_WHAT IS NEEDED_
Begin at the line below that has "Christmas Wallpaper Hd 174724 1920x1080". Stop after the line that has "Mîrza Muhammad Siraj-ud-Daulah", repeating each line exactly and leaving out the pictures.

_INFORMATION_
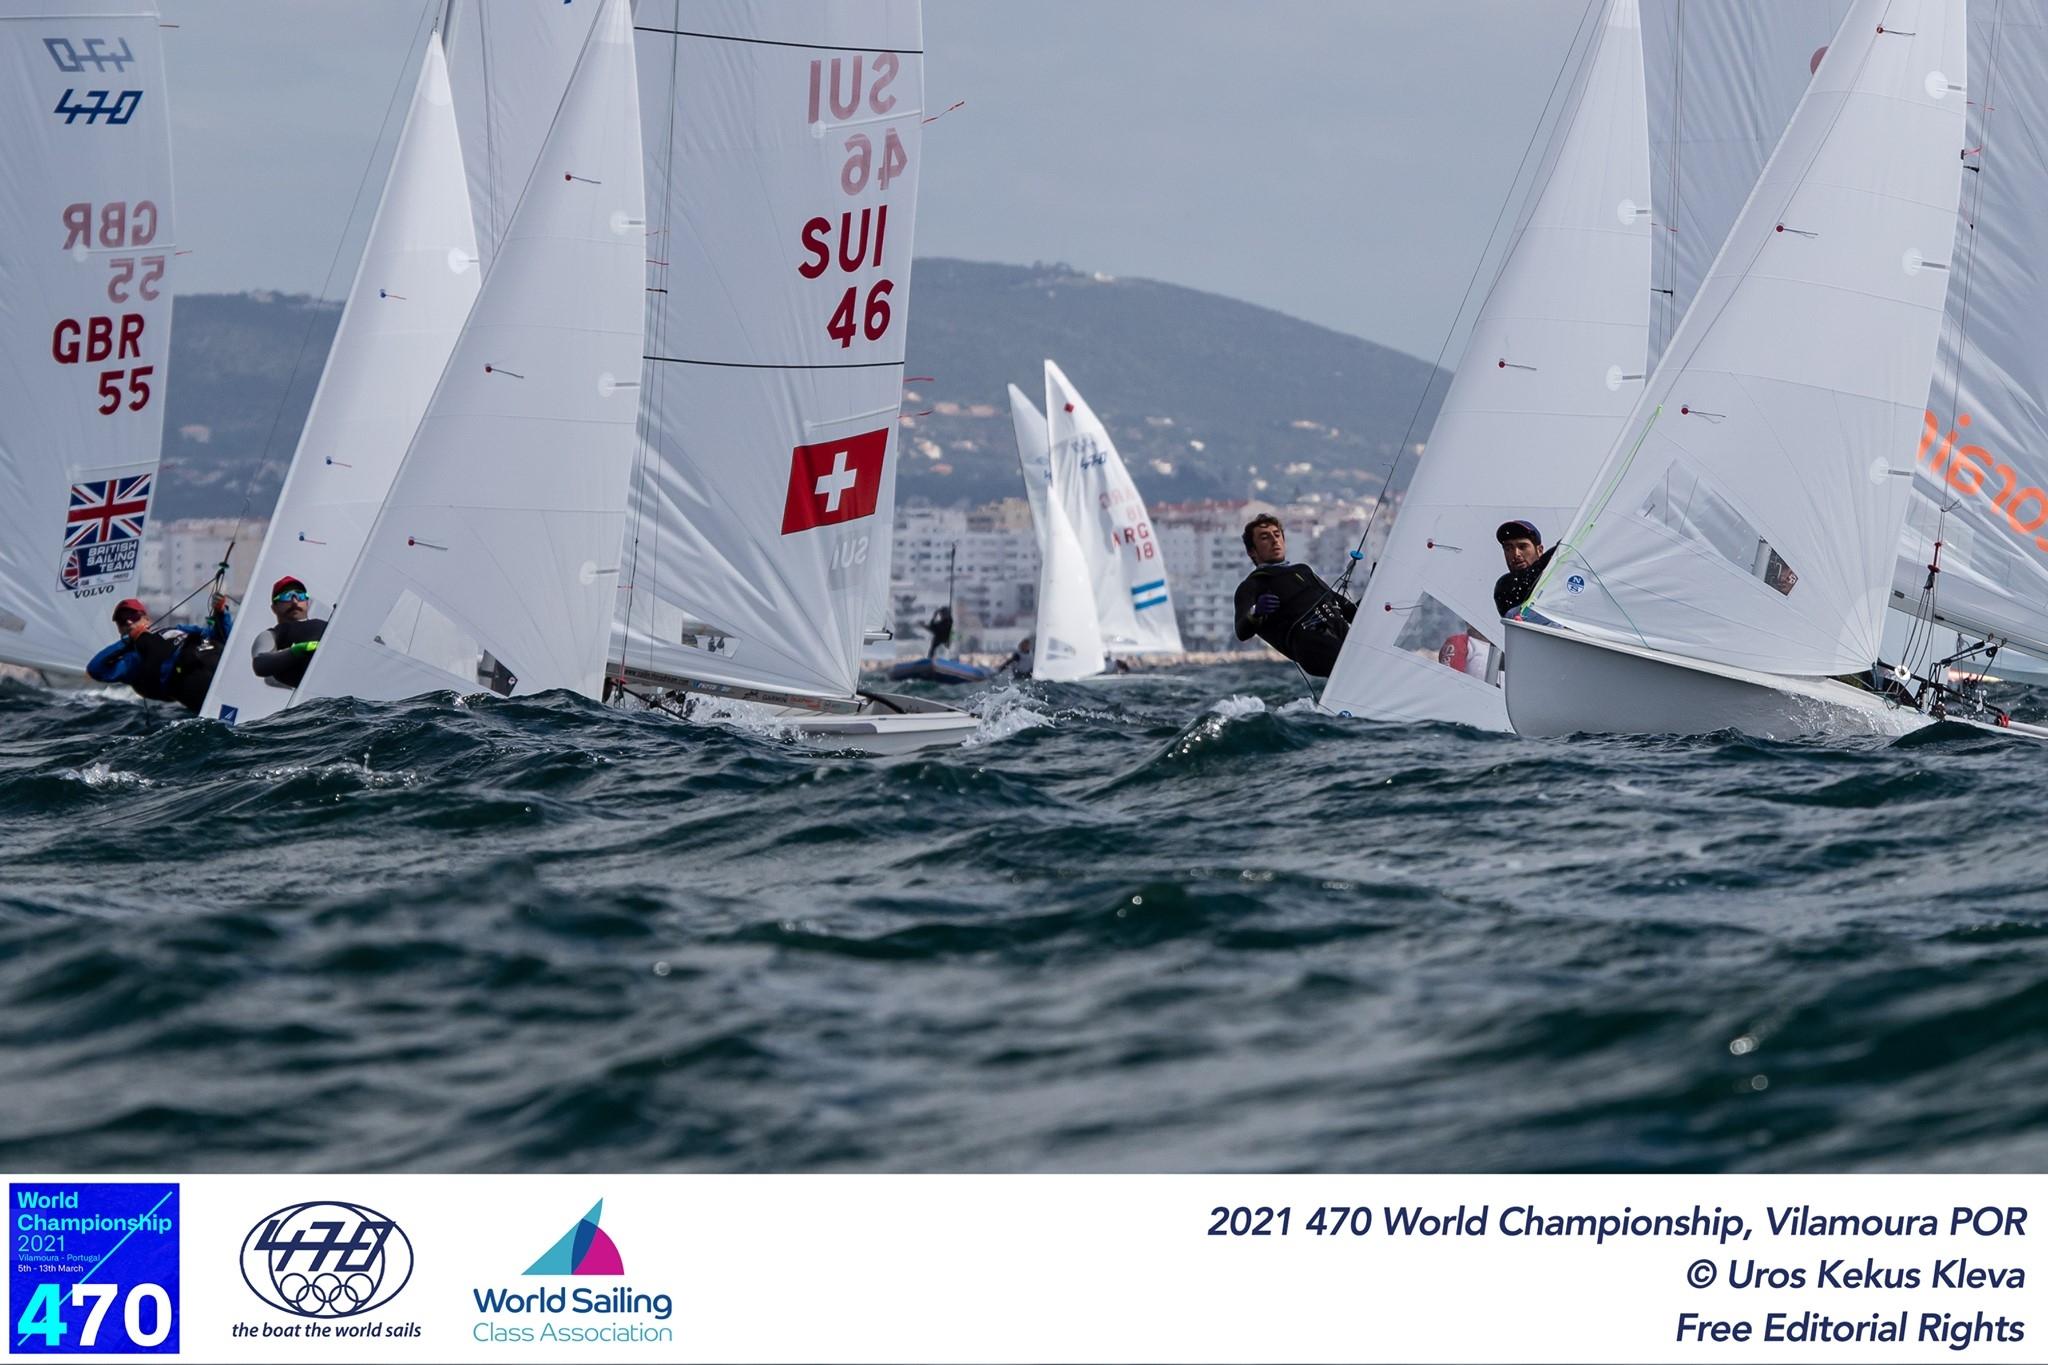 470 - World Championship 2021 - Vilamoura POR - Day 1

---

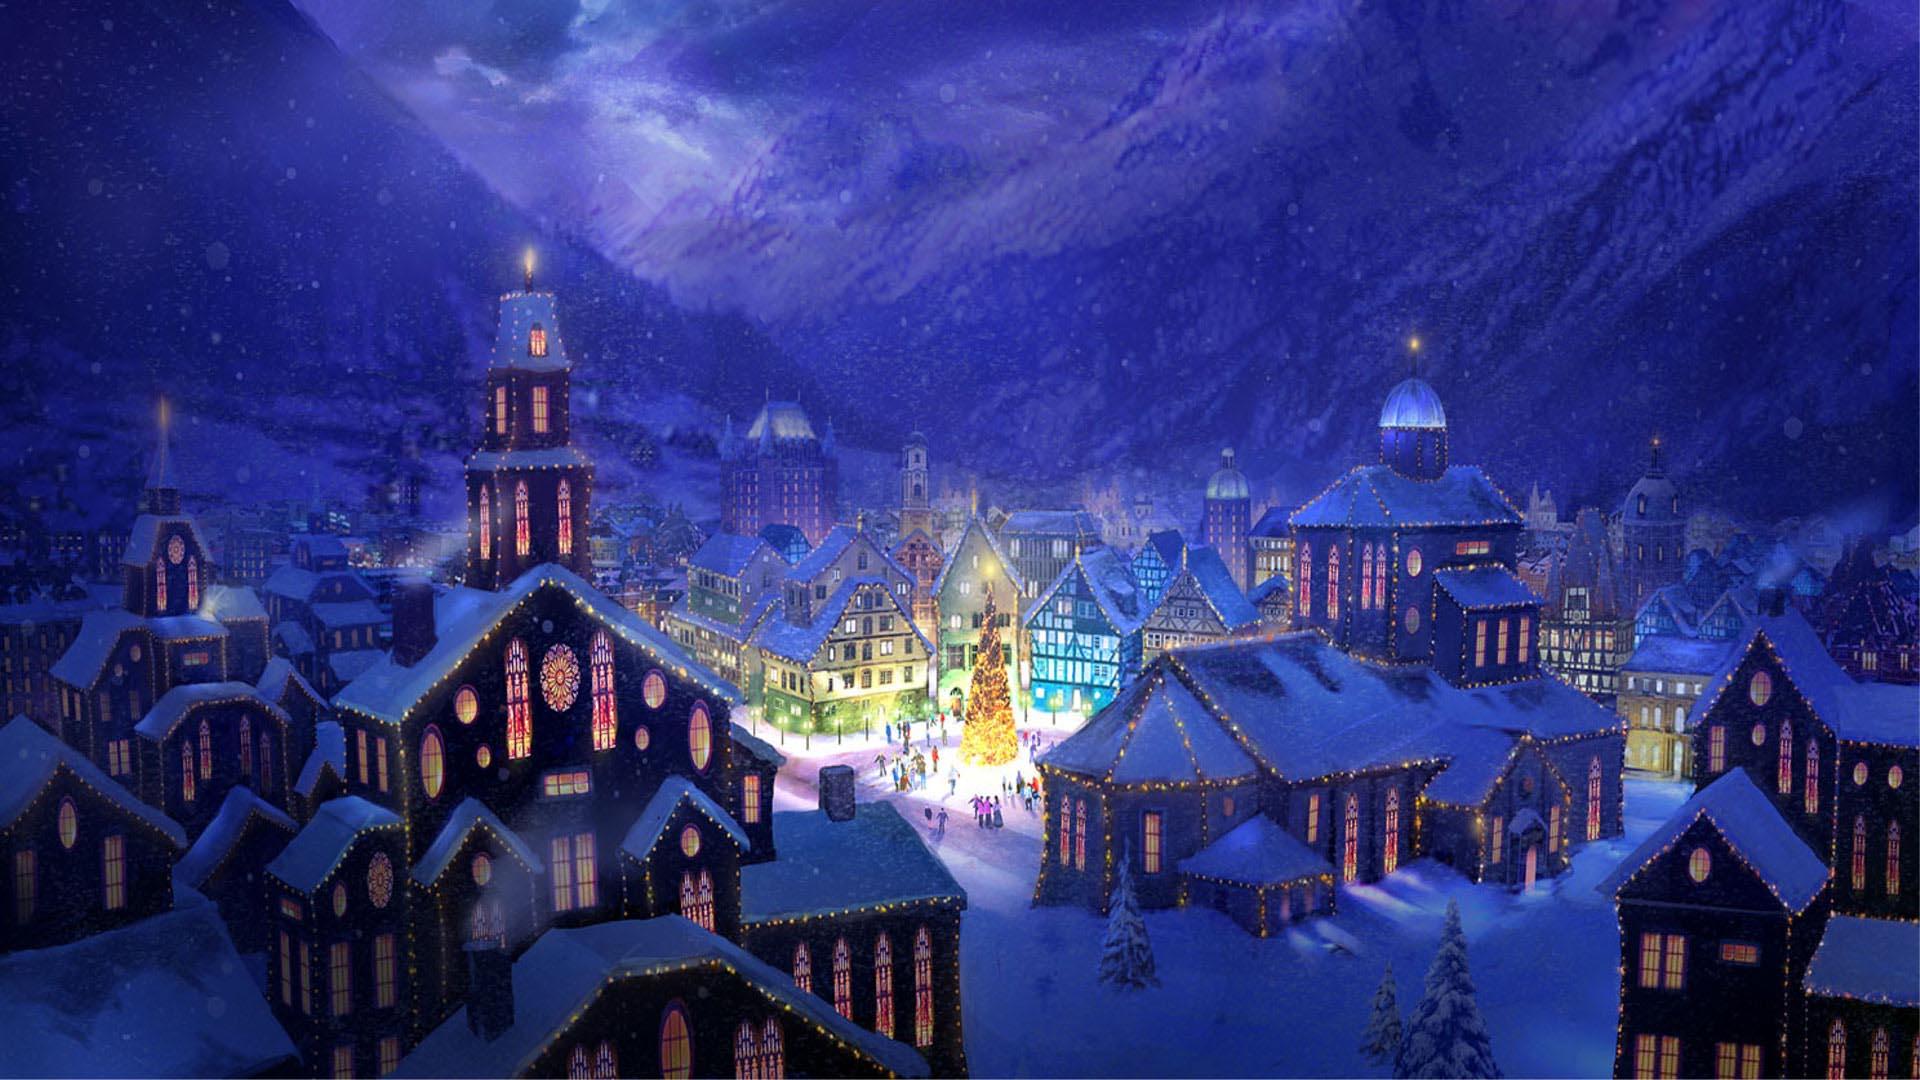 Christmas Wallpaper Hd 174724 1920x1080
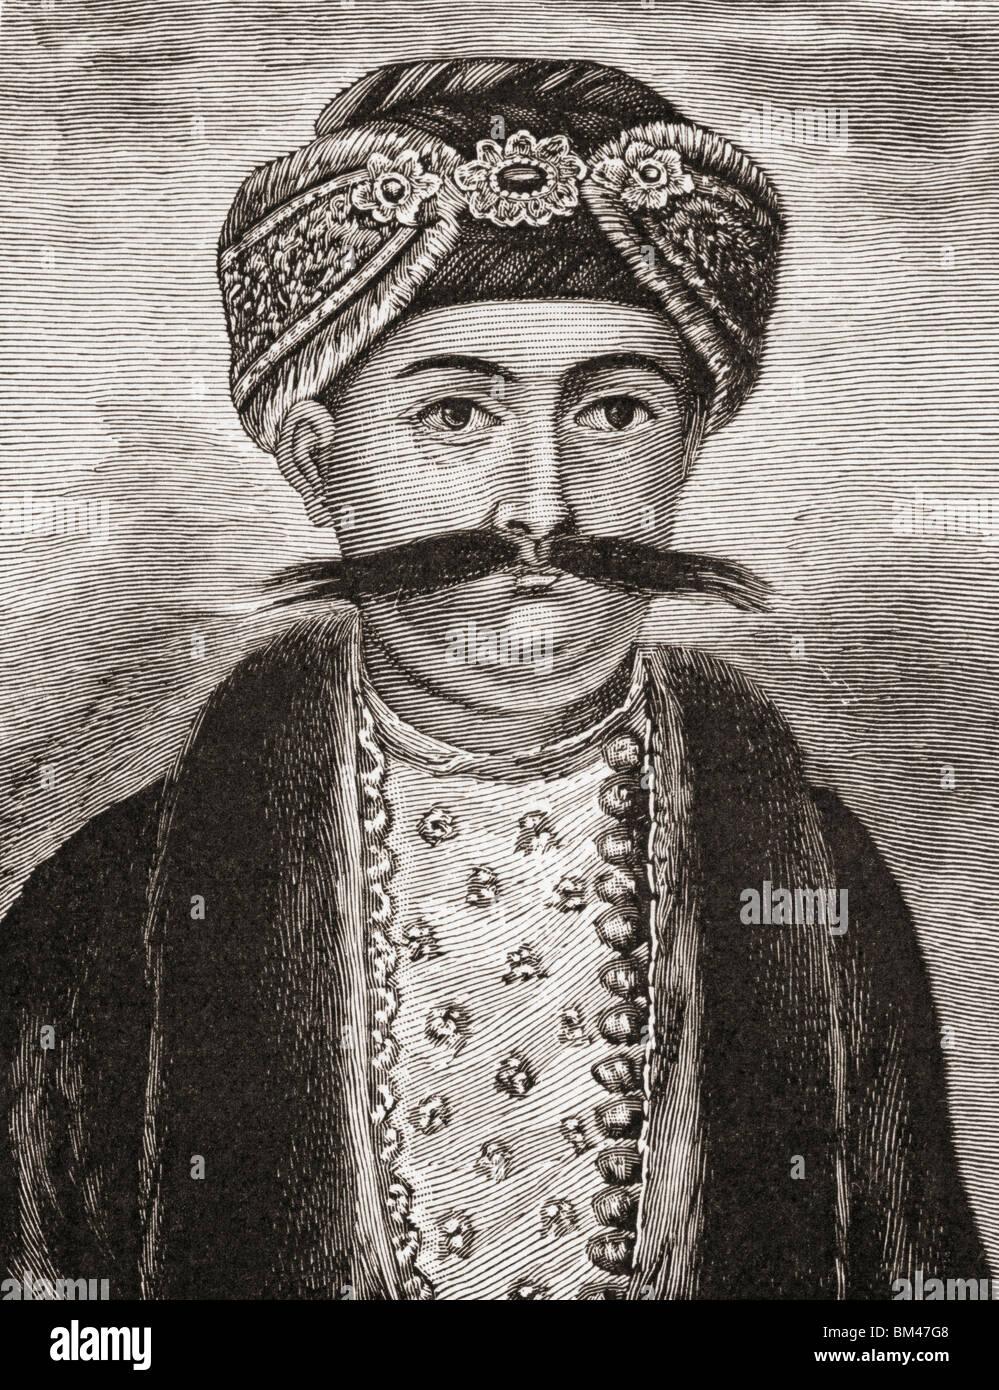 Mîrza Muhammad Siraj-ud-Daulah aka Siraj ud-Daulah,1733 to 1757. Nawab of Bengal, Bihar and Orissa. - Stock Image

_EXERCISE ANSWER_
 Christmas Wallpaper Hd 174724 1920x1080
 Mîrza Muhammad Siraj-ud-Daulah aka Siraj ud-Daulah,1733 to 1757. Nawab of Bengal, Bihar and Orissa. - Stock Image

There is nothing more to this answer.